Some AI tactics/technologies might also carry with them significant environmental costs/concerns. Energy consumption needed to power AI compute loads (and data storage) is significant, as is the potential water consumption needed to cool the corresponding compute devices. Sustainability impact and the uncertainty of vendor pricing regarding new AI technologies further complicate matters. Does your HR strategy align with the organisation’s ESG goals?

Another reality check is crucial to the smart deployment of AI and other advanced technologies as almost every organisation faces constraints on three fronts: time, people and capital. HR executives who think that these constraints do not matter could be in for a big shock. The current HR team may have little time to spare for these new efforts as they are already running quite lean from an employee perspective. Other parts of the organisation may have tapped the organisation’s technology budget and headcount. And there may not be time to get this done without disrupting year-end, payroll, benefits enrolment, campus recruiting or other scheduled activities.
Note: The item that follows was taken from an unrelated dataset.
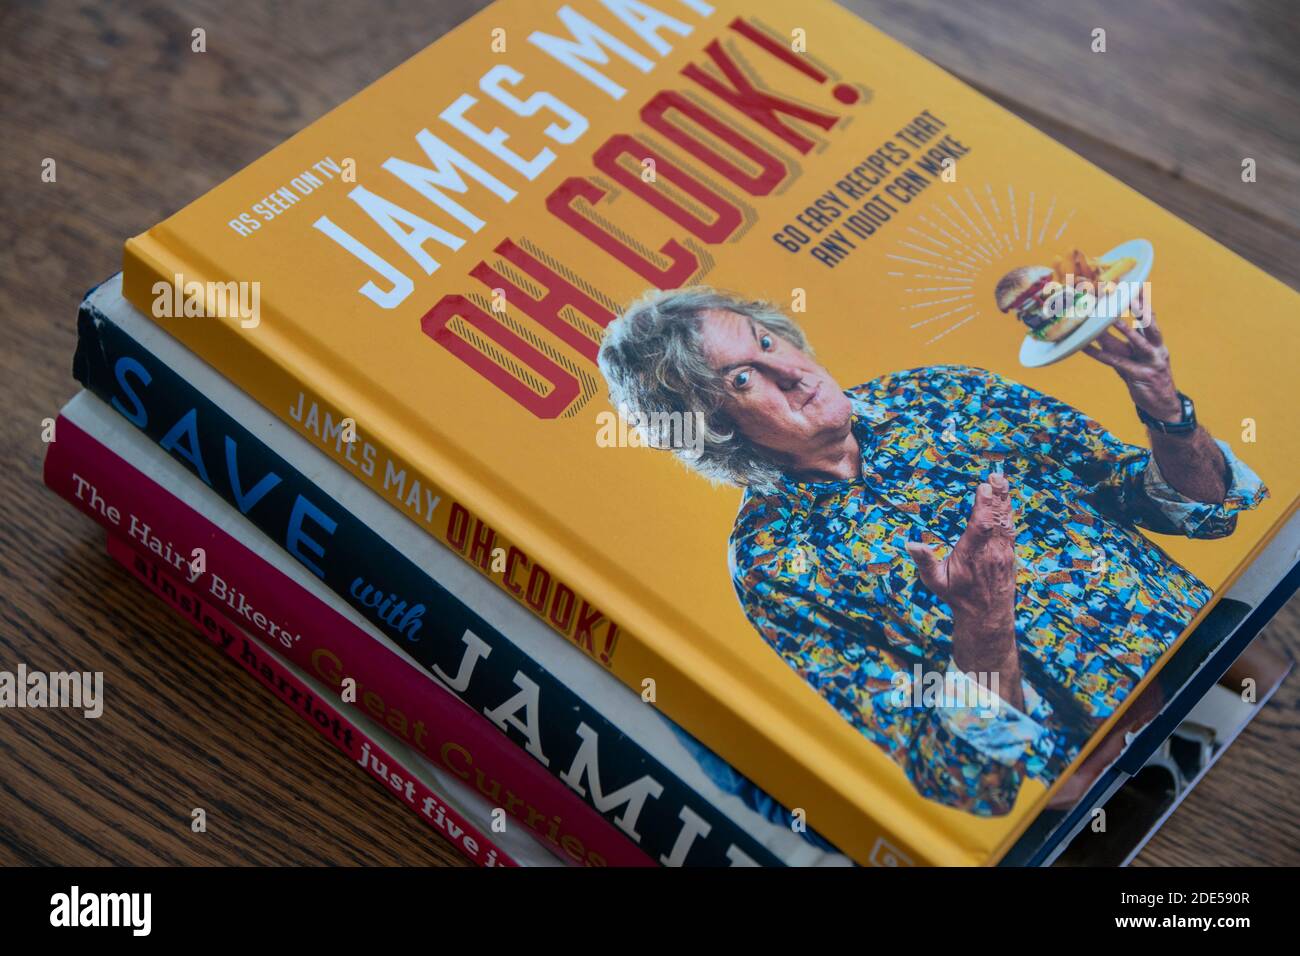 Durham, UK - 17 Nov 2020: Pile of celebrity cookery book, James May, Jamie Oliver, Hairy Bikers and Ainsley Harriott. Home cooking, recipe planning co Stock Photo

AI discussions should lead to a frank discourse about which AI capabilities are the most desirable to implement. Your organisation may never implement fully all the latest advanced technologies coming from today’s HR vendors—and that is quite acceptable. You and your organisation must live within your time, people and capital constraints. And your organisation might not need all these capabilities based on what the strategy requires. Some HR strategies (like creating a great work experience or increasing retention) could require a small amount of input from AI capabilities but still be heavily dependent on leadership training, mentoring and other disciplines. AI use cases are therefore situational and resource-dependent.

Tactics must align with the available resources and the business’ economics. They also might consider matters like convergence (will this AI effort come online while it is still technically current and capable of delivering outsized value?) and precedence (does another project have to be completed before HR can move forward with its AI efforts?).
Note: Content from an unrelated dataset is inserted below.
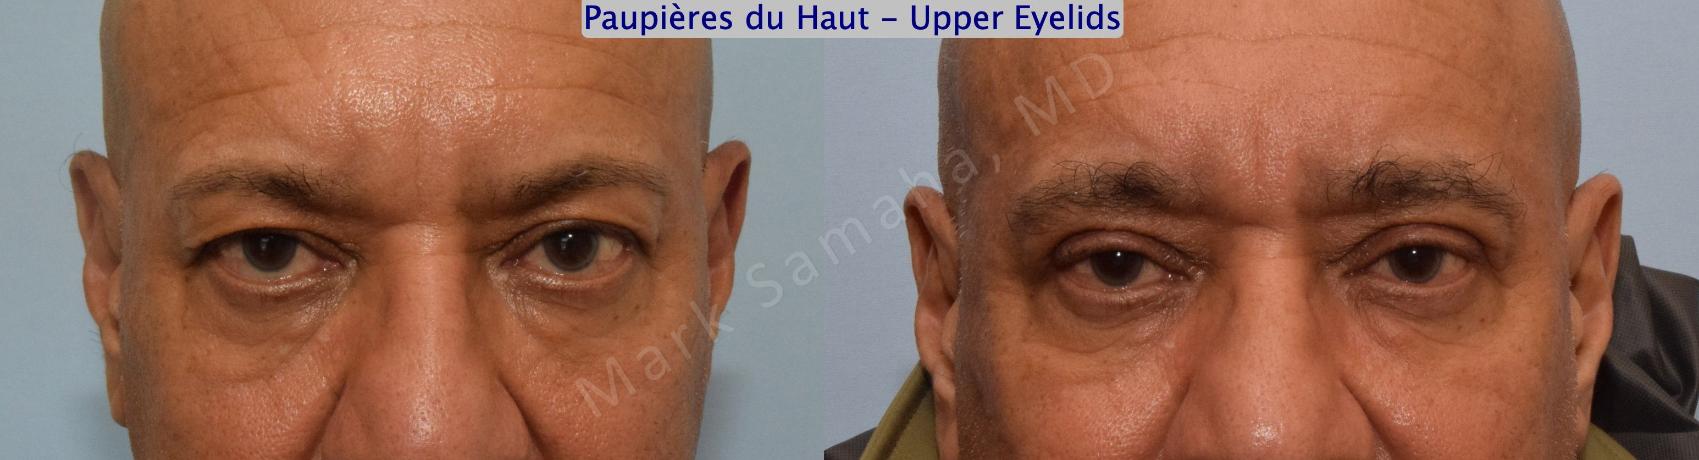 Before & After Blépharoplastie / Blepharoplasty Case 143 Front View in Montreal, QC

Tactics/technologies are the things that will make the strategy come to life. Plans are the orderly, thoughtful structure that helps HR teams realise the goals implicit in the strategy.

Overlooked HR strategy components

When developing an HR strategy, business leaders can make mistakes. For example, they may overlook matters such as:

  • Is a new deployment model, like a centre of excellence, for HR needed?
  • Is the technical debt in all of HR’s current solutions something that must be dealt with first?
  • Are critical integrations to/from HR applications missing or broken?
  • Are key functions, such as campus recruiting, still not automated?
  • Are there different data meanings and data repositories throughout the organisation?
  • Are there pockets of data that still are not real-time?
  • What kinds of non-financial data (e.g. ESG) should be part of HR’s mandate but are not in a great state? For instance, the data is too old, too annualised or too averaged.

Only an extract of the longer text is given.